As shown in fig. 2, when the MPPT implementing circuit in step (1) is a Boost circuit, the bus voltage arbitration algorithm in step (2) is: the method comprises the steps that the maximum value of each path of PV input voltage given value Uref1, Uref2 and … UrefN is selected to be compared with a bus voltage temporary given value Vreftemp, the maximum value of the two is taken to serve as a bus voltage given value Vreftem, wherein the bus voltage temporary given value Vreftemp = Vmax + Vlimit, Vmax is a mains voltage peak value, and Vlimit is a given safety amplitude limit; the method for determining each path of MPPT to realize the circuit switching state in the step (3) comprises the following steps: when Urefi < Vref (1 = < i < = N), the ith route Boost circuit enters a PWM mode, and when Urefi = Vref, the ith route Boost is in a closed state.

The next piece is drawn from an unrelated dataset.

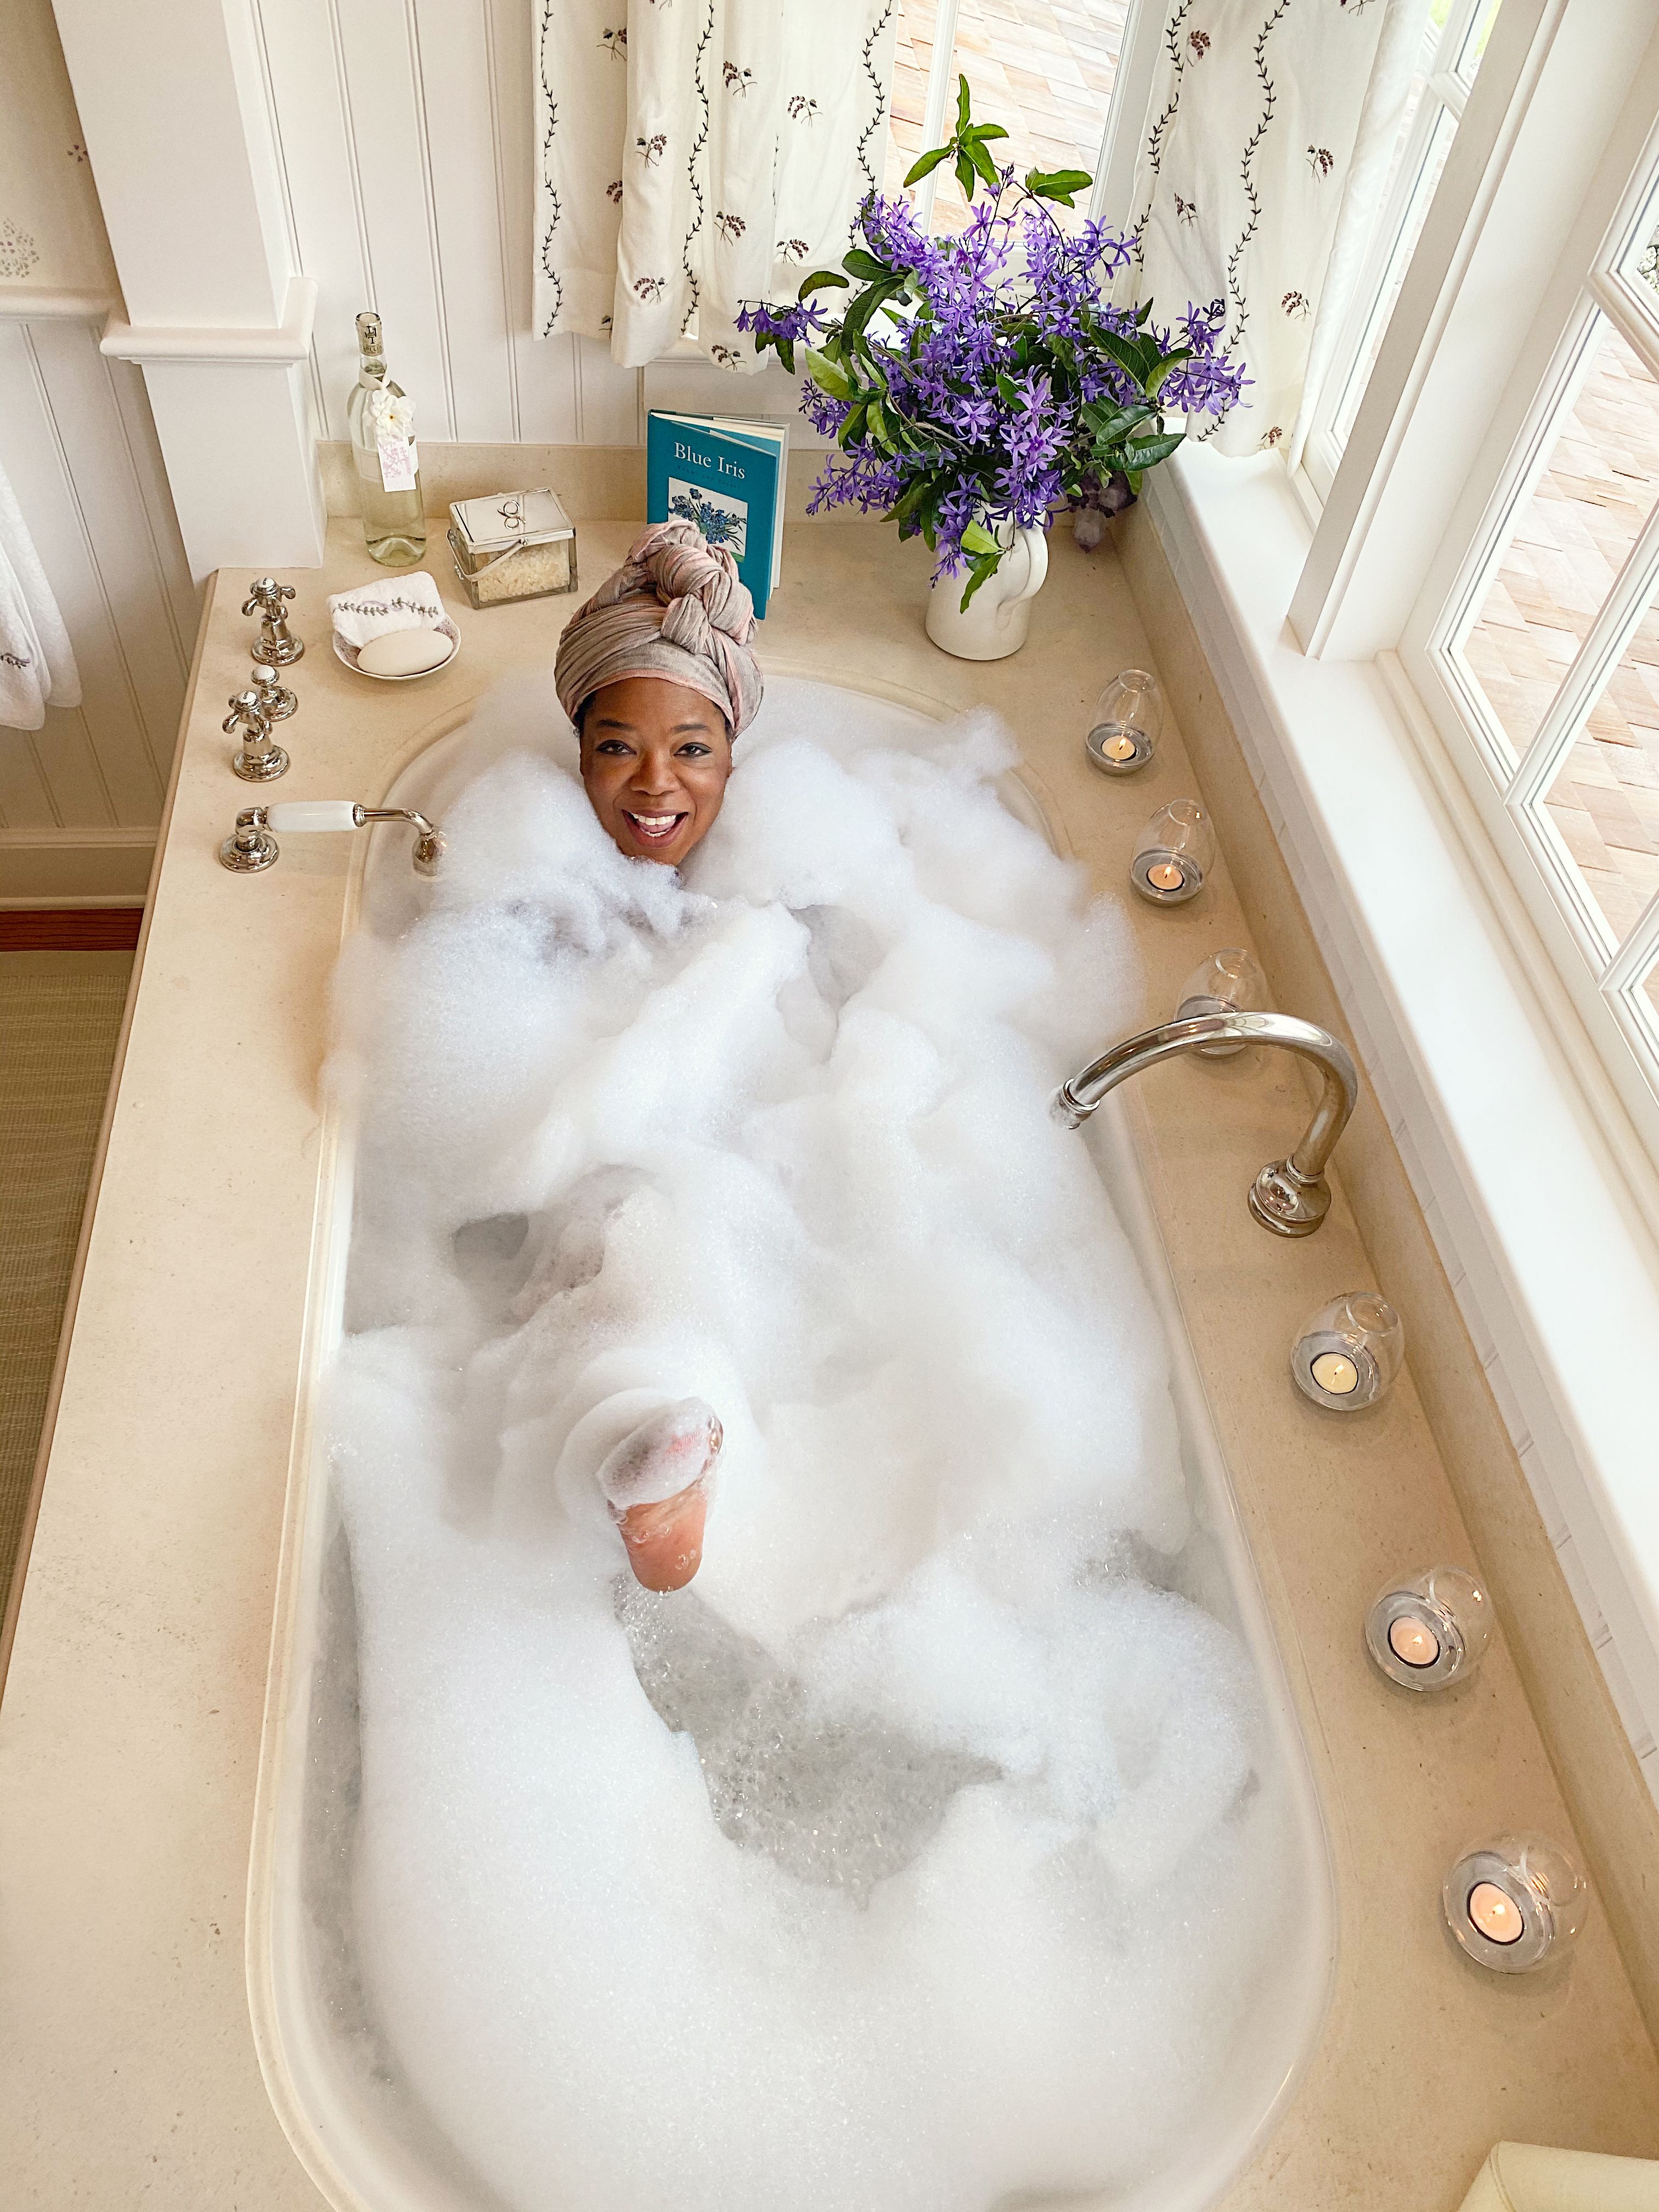 Oprah Reveals Her Bath Routine In, How Much Does It Cost To Fill A Bathtub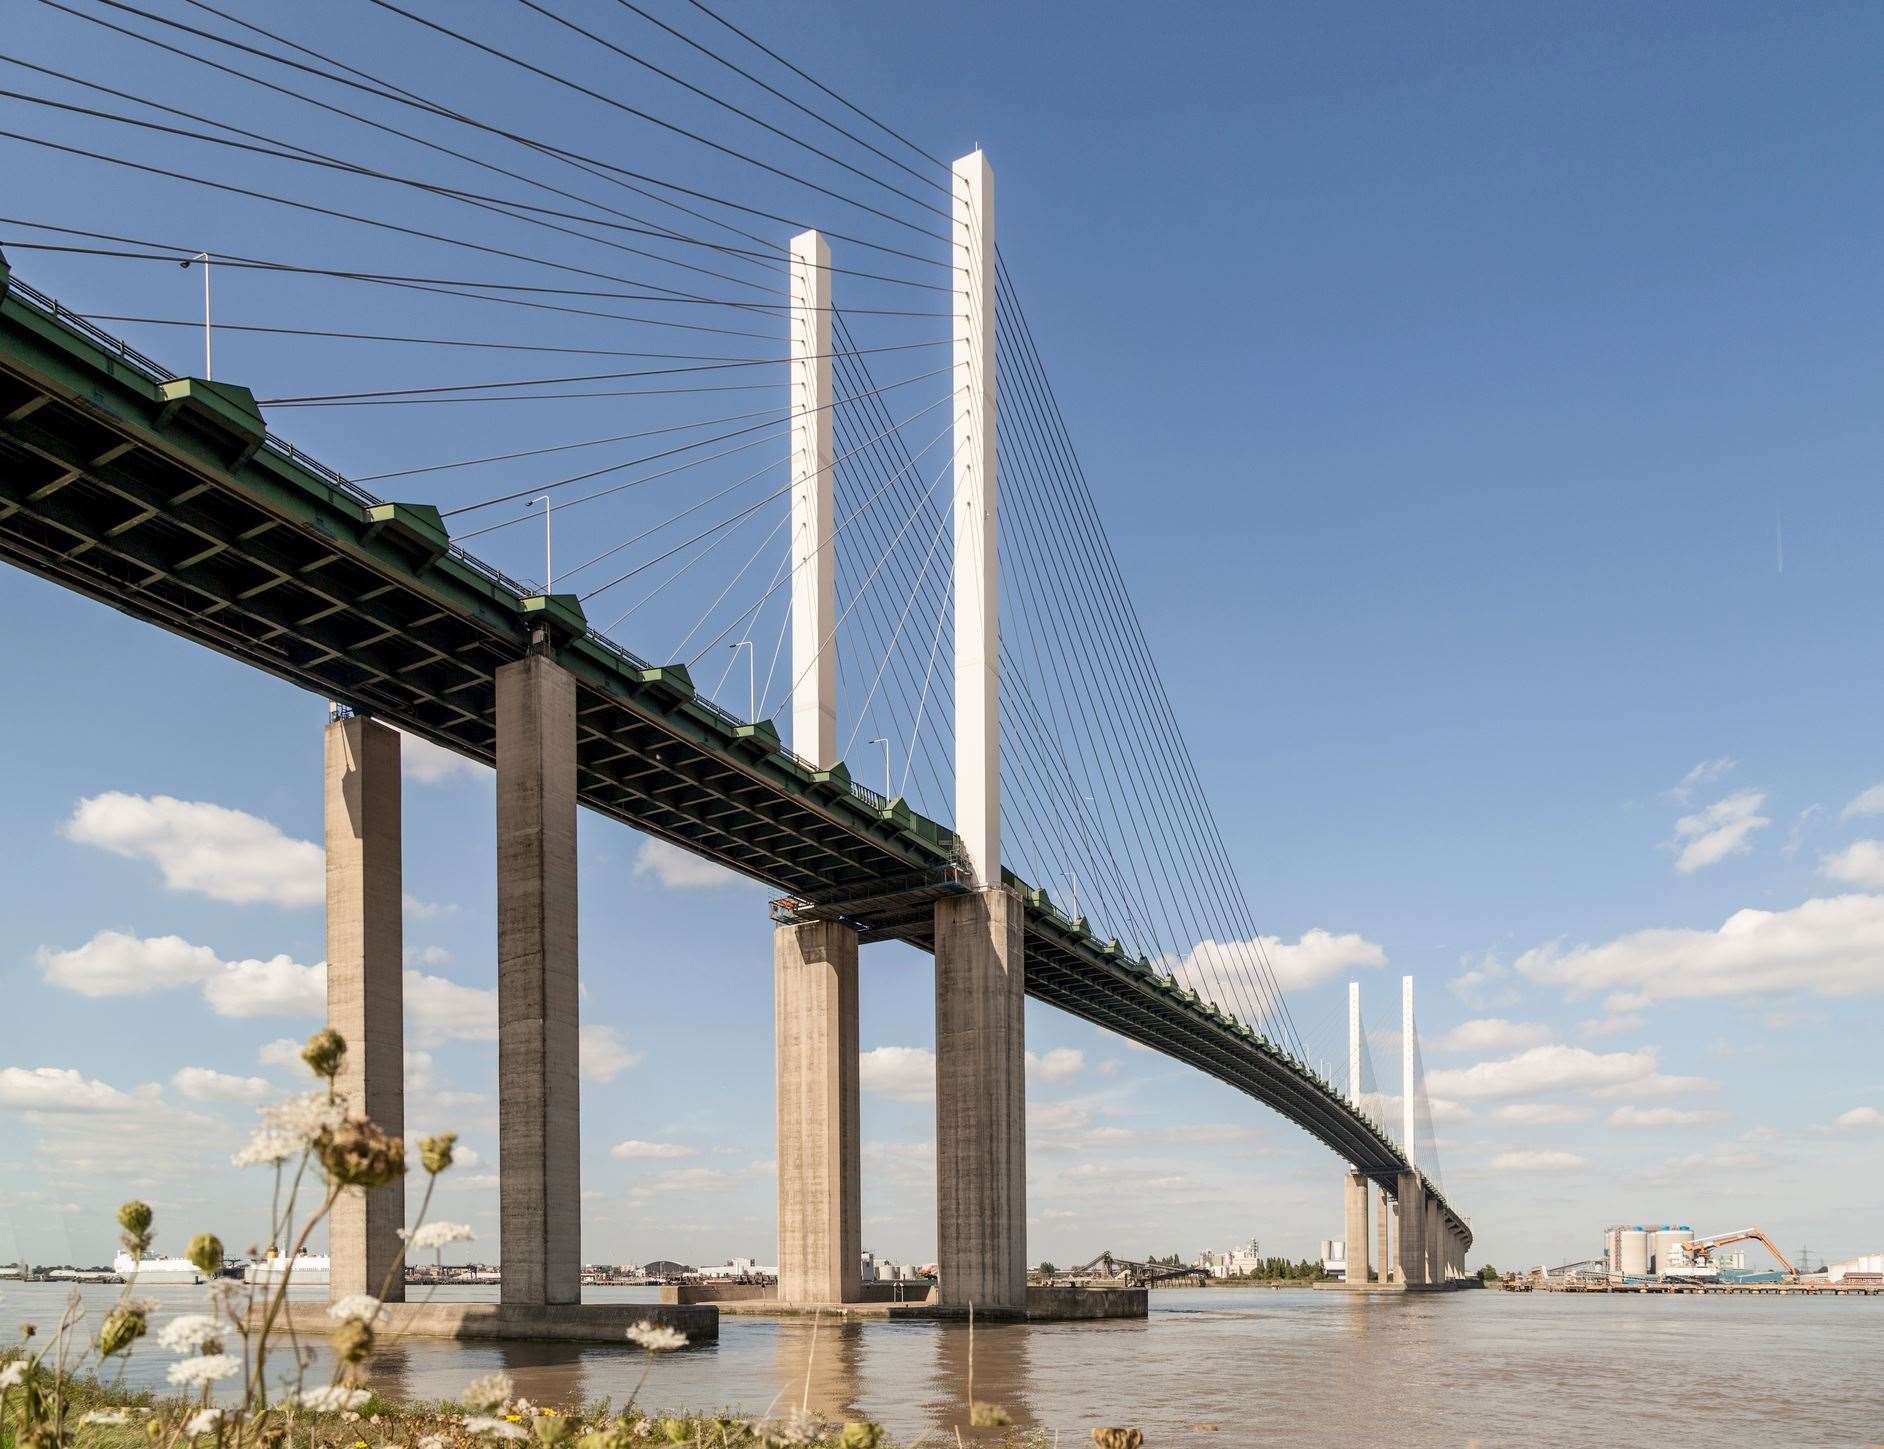 A man has died after an incident on the QEII Bridge in Dartford. Stock image

As shown in fig. 3, when the MPPT implementing circuit in step (1) is a Buck circuit, the bus voltage arbitration algorithm in step (2) is as follows: selecting the minimum value of each path of PV input voltage given values Uref1, Uref2 and … UrefN to be compared with a bus voltage temporary given value Vreftemp, and taking the minimum value of the two values as a bus voltage given value Vreftemp, wherein the bus voltage temporary given value Vreftemp = Vmax + Vlimit, Vmax is a mains voltage peak value, and Vlimit is a given safety amplitude limit; the method for determining each path of MPPT to realize the circuit switching state in the step (3) comprises the following steps: the i-th Buck circuit enters a PWM mode through Urefi > Vref (1 = < i < = N), and when Urefi = Vref, the i-th Buck is in an off state.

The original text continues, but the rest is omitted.